Friday 9 March 2012

Greece: No way out

Debtors accept Greek extortion,

default expectations fully intact

There is nothing even remotely resembling a "good deal" as described by the EU Commission for Greek bondholders, nor was the news of the agreement struck last night "extremely good news" as the Greek finance minister told the press. When adding up all the ingredients of the "bond swap" agreement, investment firms stand to lose on average 72% of their Greek engagements. That helps explain that Greece in de-facto default status, and is being shut out from the financial markets for up to 10 years now. Without further help from ECB and Eurogroup, Greece will go bust within six months.


The Greek government is now expected to trigger so-called “collective action clauses”, introduced into bonds in recent law, to impose the 53.5 per cent loss on all holders of bonds issued under Greek law. In order to use the CACs, Athens needed 66 per cent of participants to agree the deal; by getting close to 88%, the hurdle has been cleared safely.

Once CACs are triggered, all €177bn in Greek-law bonds will be swapped for a cash payment equal to 15 per cent of the old bond and new Greek bonds worth 31.5 per cent – wiping about €100bn from Athens’ €350bn debt pile.

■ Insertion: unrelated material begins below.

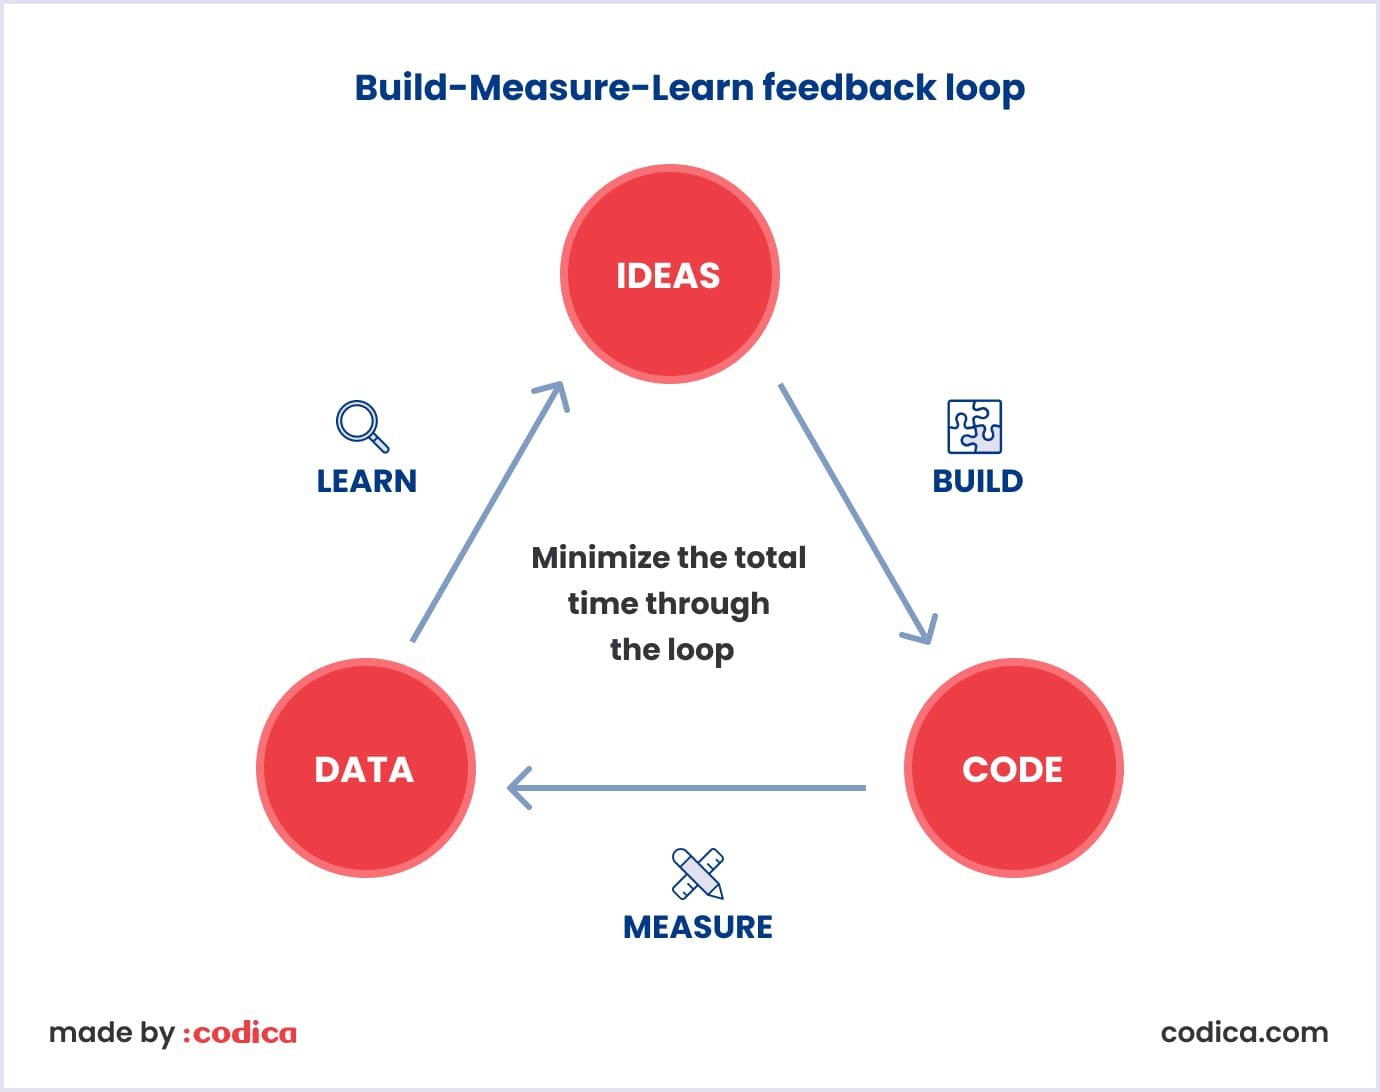 Build-Measure-Learn principle explained

In spite of the optimism around the deal today, I pick up on some interesting grey market trading that suggest financial markets are already betting Greece will default again in the future:
Grey market “when issued” pricing for the 20 new bonds were ranging from 17 to 28 cents on the euro, a highly distressed level, according to indicative quotes.
The pricing equates to a yield on the new bonds of 17 to 21 per cent, about where Greek yields stood in the autumn, and far worse than the yield on Portugal, which has also received a bailout.
The status of the 14 per cent of Greek debt not issued as Greek-law bonds, most of which are bonds governed by English law, remained unclear. According to a confidential analysis prepared for eurozone finance minsters last month, 95 per cent of all bondholders must be included in the debt restructuring for Greece debt to reach 120 per cent of economic output by 2020, the target of its new €130bn bailout.
Greece cannot reach that target with Greek-law bonds alone, and Athens may need to wait until a meeting of foreign-law bondholders at the end of the month to know how many will join the restructuring.